* **SOURCE MATERIAL**

.....

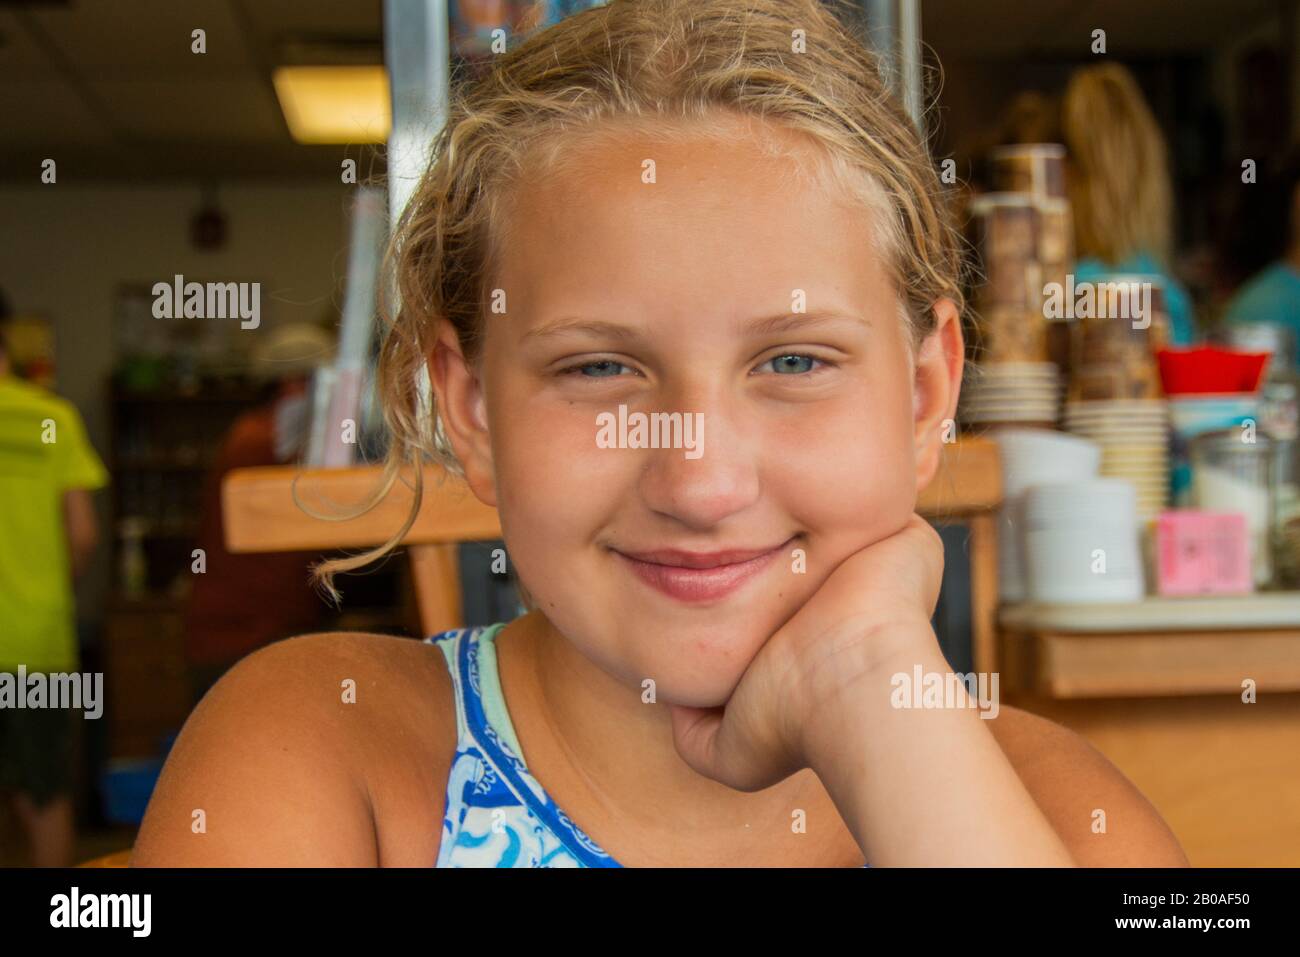 Young firl in diner smirking Stock Photo
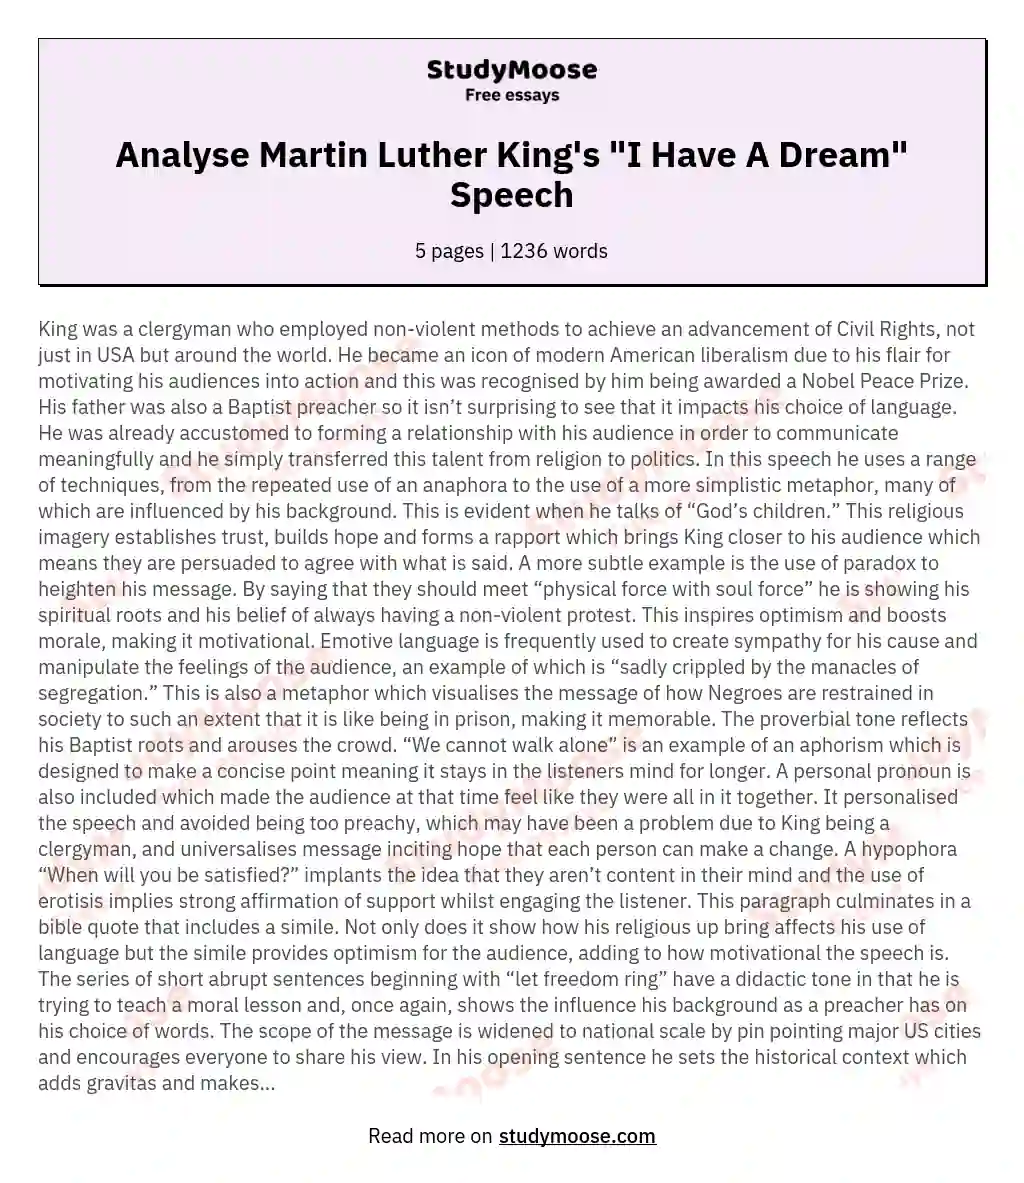 Analyse Martin Luther King's "I Have A Dream" Speech essay
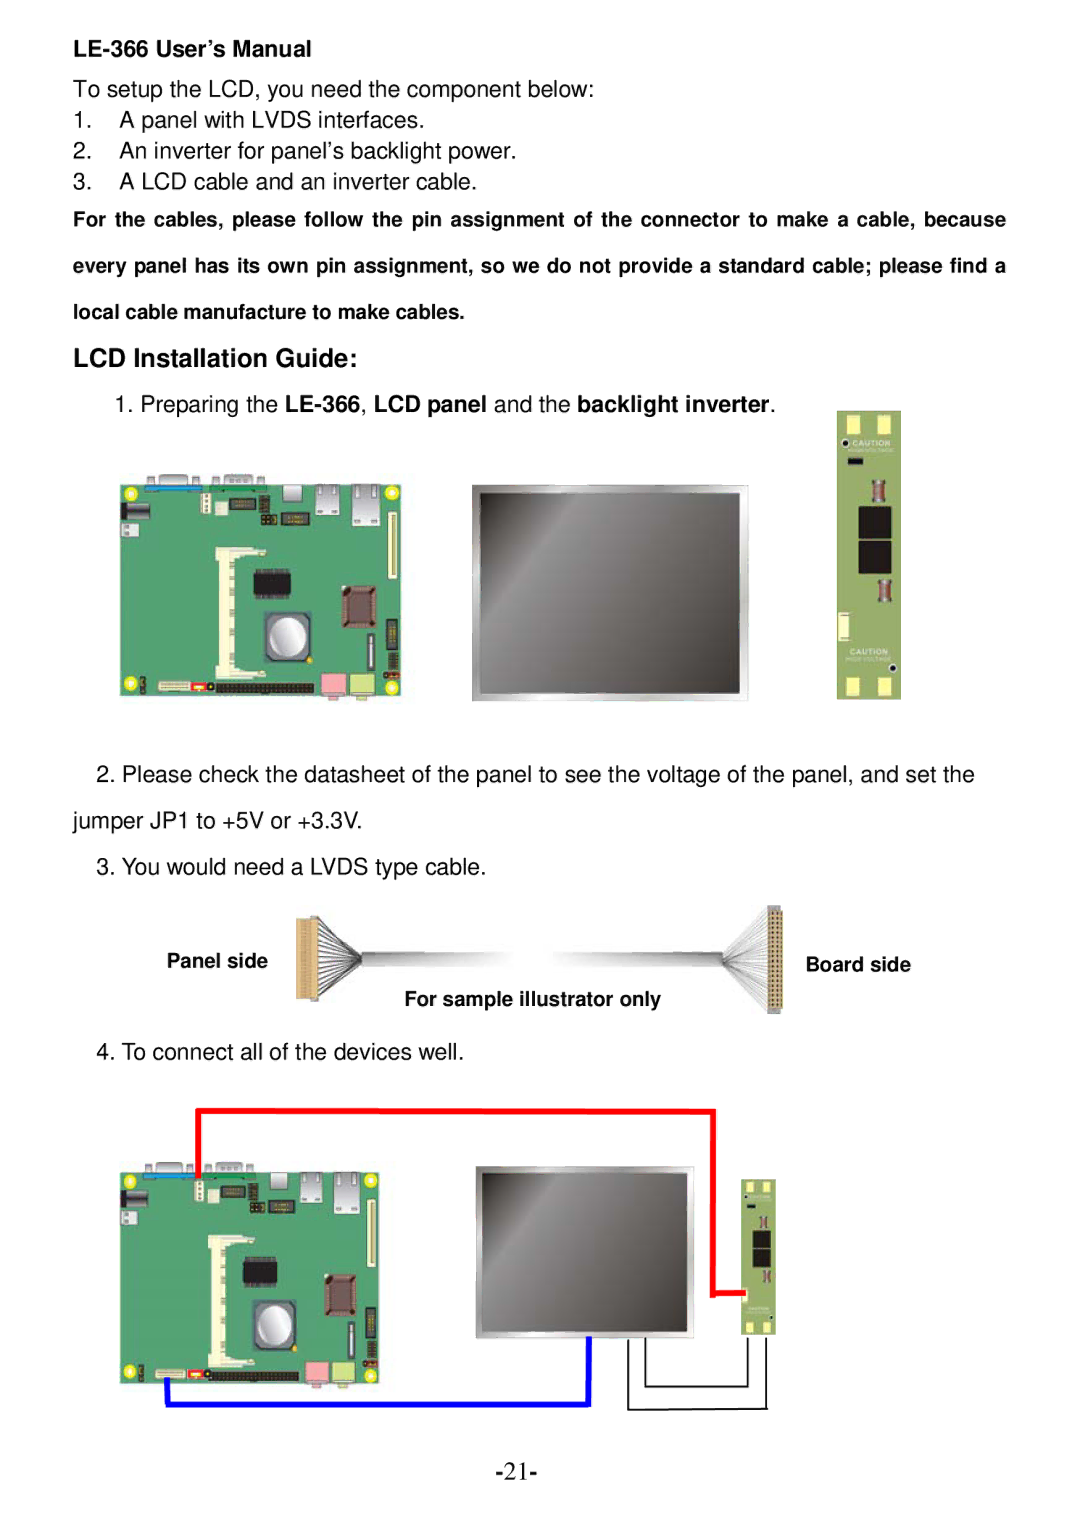 AMD user manual LCD Installation Guide, Preparing the LE-366,LCD panel and the backlight inverter

.....

* **DIRECTIONS**
The lines needed are those from the one containing "Analyse Martin Luther" through the end of the listing, given again word for word and without any picture.

* **ANSWER TO THIS EXERCISE**
 Analyse Martin Luther King's "I Have A Dream" Speech essay
 AMD user manual LCD Installation Guide, Preparing the LE-366,LCD panel and the backlight inverter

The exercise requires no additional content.